Bearing's aren't a problem and odds are it has a #2 morse taper and 1" 8TPI spindle which is quite common. Mine was missing the tailstock quill but I found out that the Quill for the Delta lathe would work if it was turned down a little. I had access to a metal lathe so I turned it down to fit.


----------



## Bmezz (Jun 16, 2014)

+1 on what John said. It's a Delta 1460. MT2 on both ends and 1x8tpi. 12"swing. Hurry up and get it before it's gone.


----------



## Rebelwork (Jan 15, 2012)

The lathe has sold I believe, but something always comes up as it did.

The info you have given is a keeper and look to learn more as I'm green in the lathe area. I actually had thought about trying to buy two so I could cut and weld and add to its length.


----------



## hwebb99 (Nov 27, 2012)

When you find a good deal like that you have to jump on it. If you wait till the next day they are usually gone.


----------



## Rebelwork (Jan 15, 2012)

I felt it was a good deal but unsure. Too green on lathes to know. Didn't start looking till this week. I'll try to soak up some knowledge from the wood turning section on these old lathes. There are so many its hard to tell what to jump on and what not to when considering age and parts...

The heavy base on the rockwell kinda got my interest...


----------



## Rebelwork (Jan 15, 2012)

Any thoughts come to mind?....

I have a Powermatic wood lathe model 45 that is in great condition. I am only selling it because it has been sitting collecting dust for almost 2 years now. This is a great machine and is to nice to be collecting dust. This is the older style that is made of solid metal, you can almost never wear it out. Sorry no lathe tools come with it. If you have any questions please ask. Phone or email, no texting.
Thanks


----------



## 9thousandfeet (Dec 28, 2014)

I used to have one of those many years ago. Used it a lot for reproducing stair balusters and gingerbread spindles etc on Victorian house restoration projects. Entirely satisfactory for that kind of work and a solid, heavy machine. 
You won't find many people saying positive things about Reeves drives nowadays, but then nowadays we're all spoiled rotten by electronic variable speed controls. Mine worked reliably the entire time I had it—6 years and no idea how many hundreds of hours—so I'm not as down on Reeves drives as those folks who weren't that lucky.
Converting that lathe to EVS wouldn't be a monster project either, and would be something I'd probably do with a unit like that.

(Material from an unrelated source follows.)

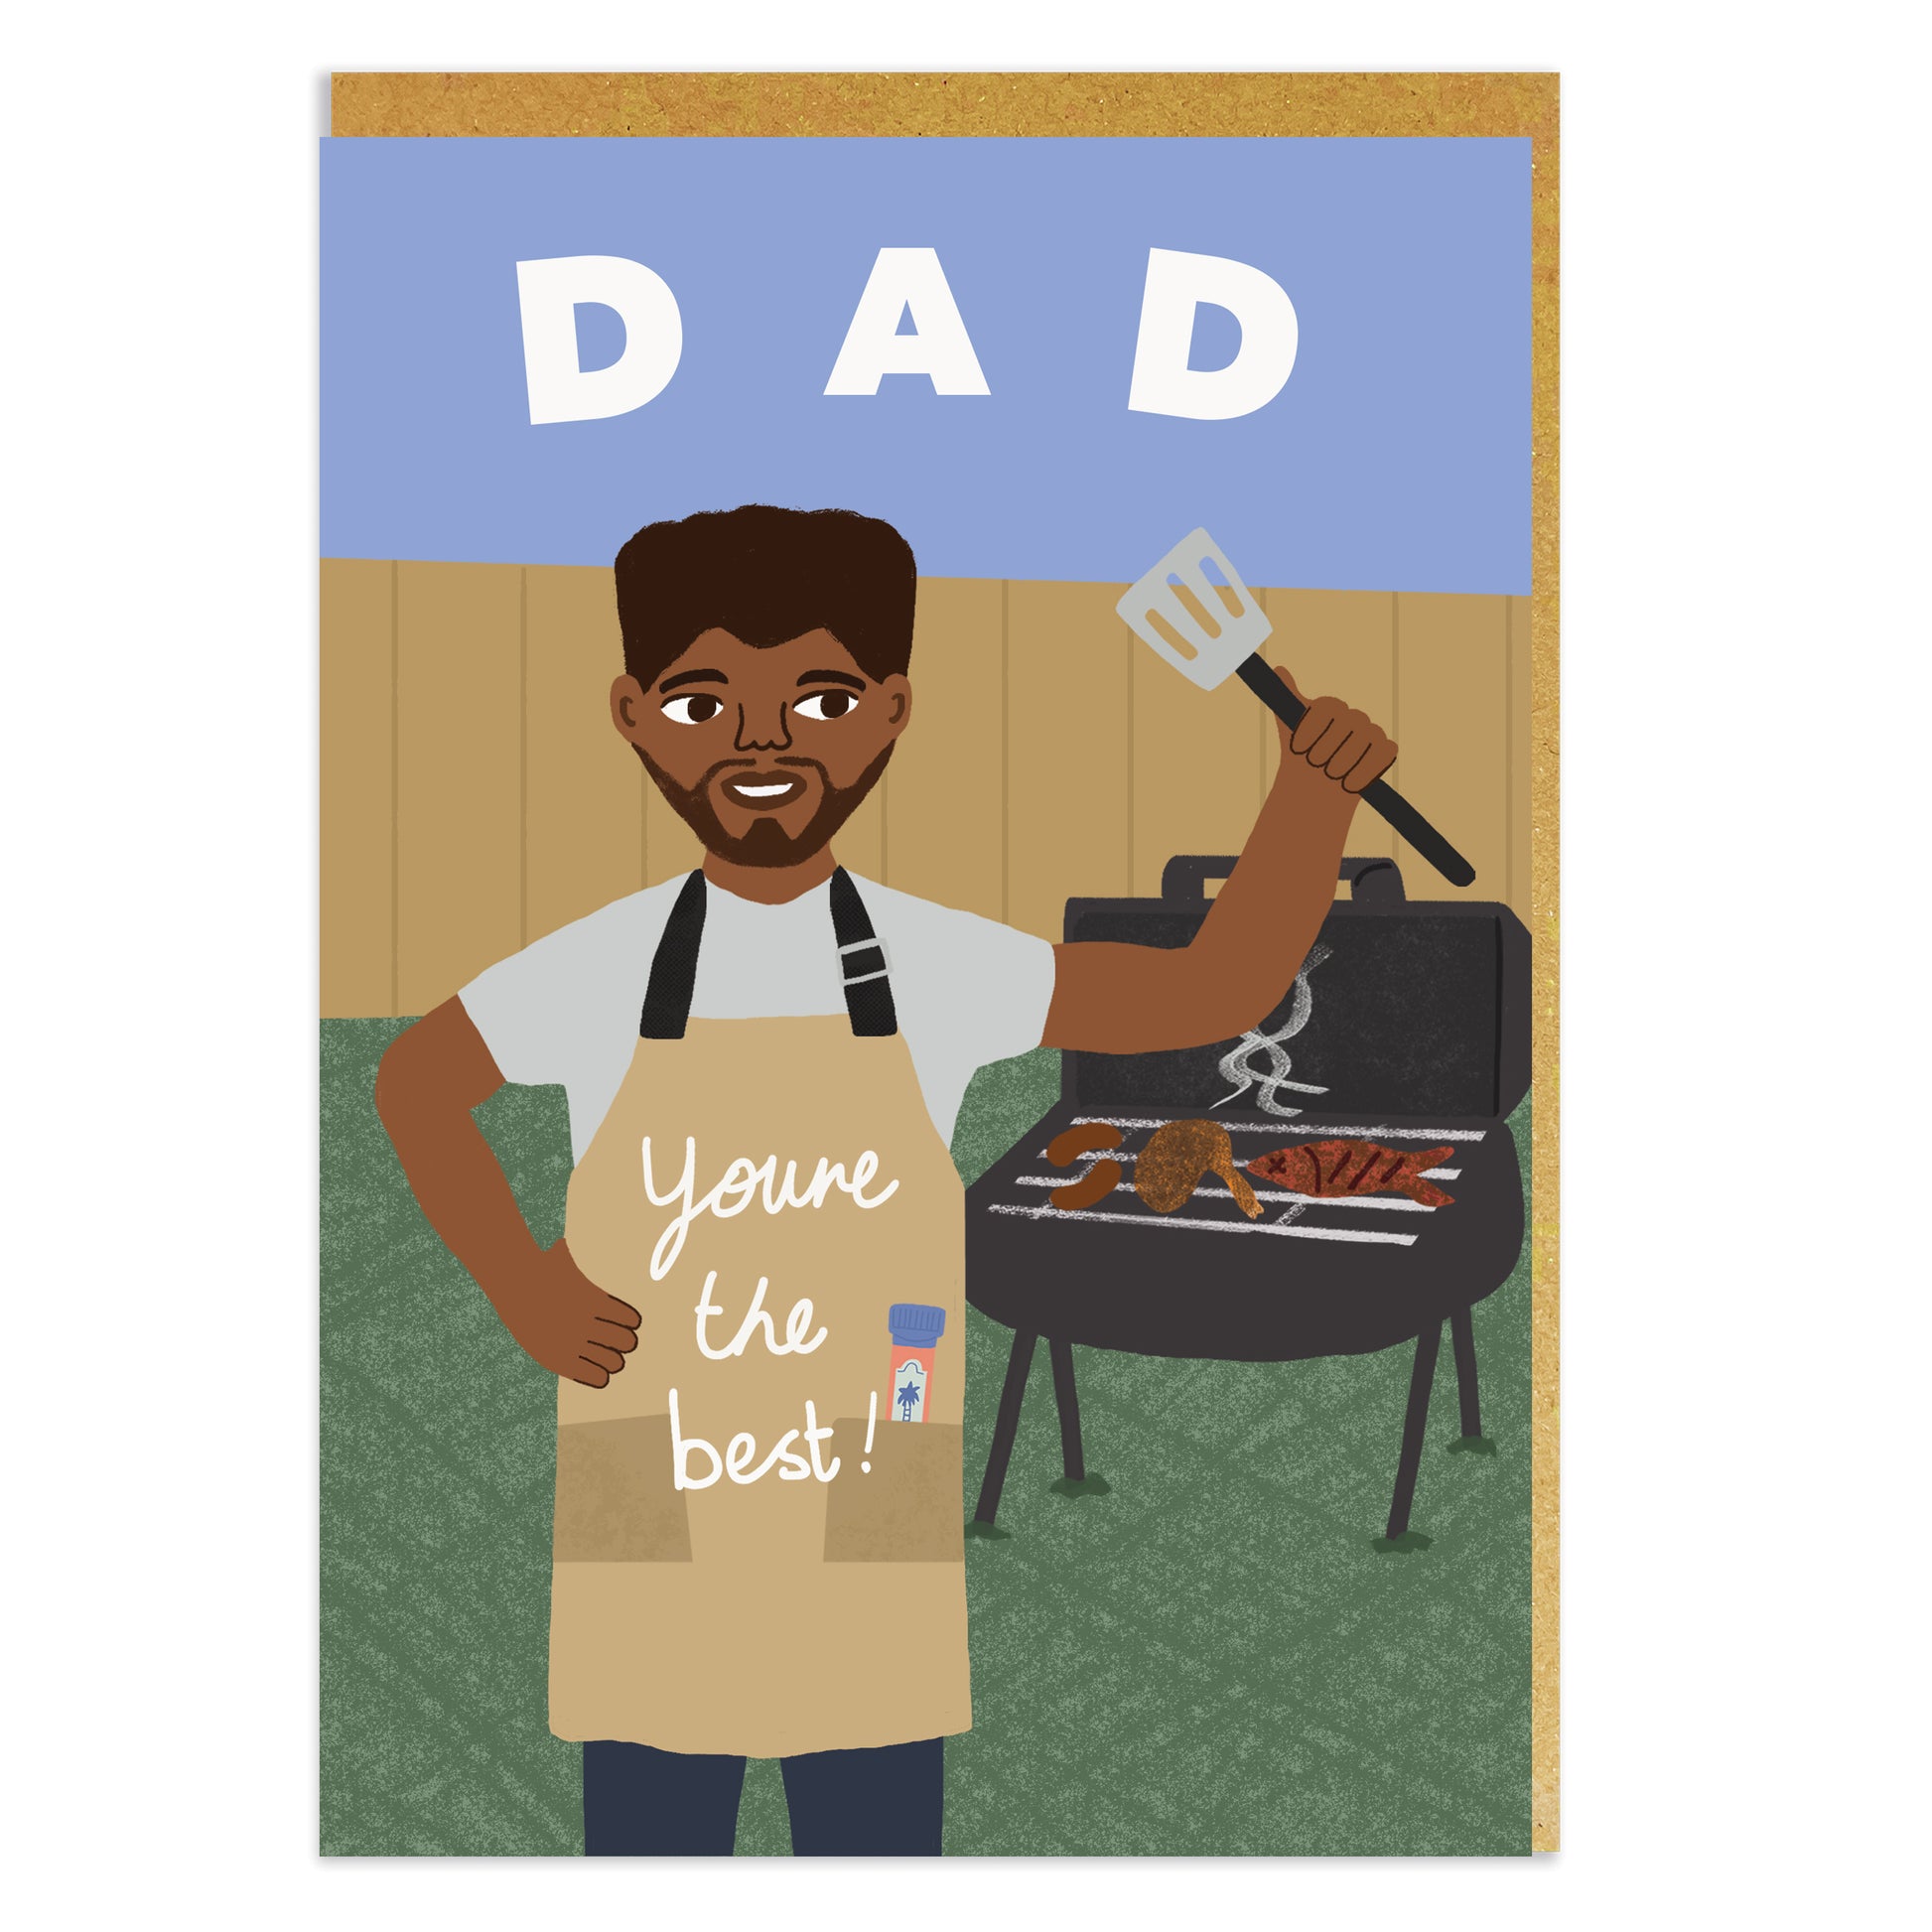 Dad you're the best. Black Father's Day card, or birthday card. Cards celebrating black culture

Replacement headstock bearings were available from any decent bearing supply house back then, I do know that—they were a fairly standard-sized bearing. 
I'd suspect, but don't know for sure, that they're still available. 

I'd say so long as none of the castings are cracked or busted, that unit can be made into a real smooth performer.
That looks like a home-made tool rest cobbled together from a crappy piece of angle iron, and someone got in there with a can of yellow paint, and I don't see the tailstock locking lever either. All solvable problems though.


----------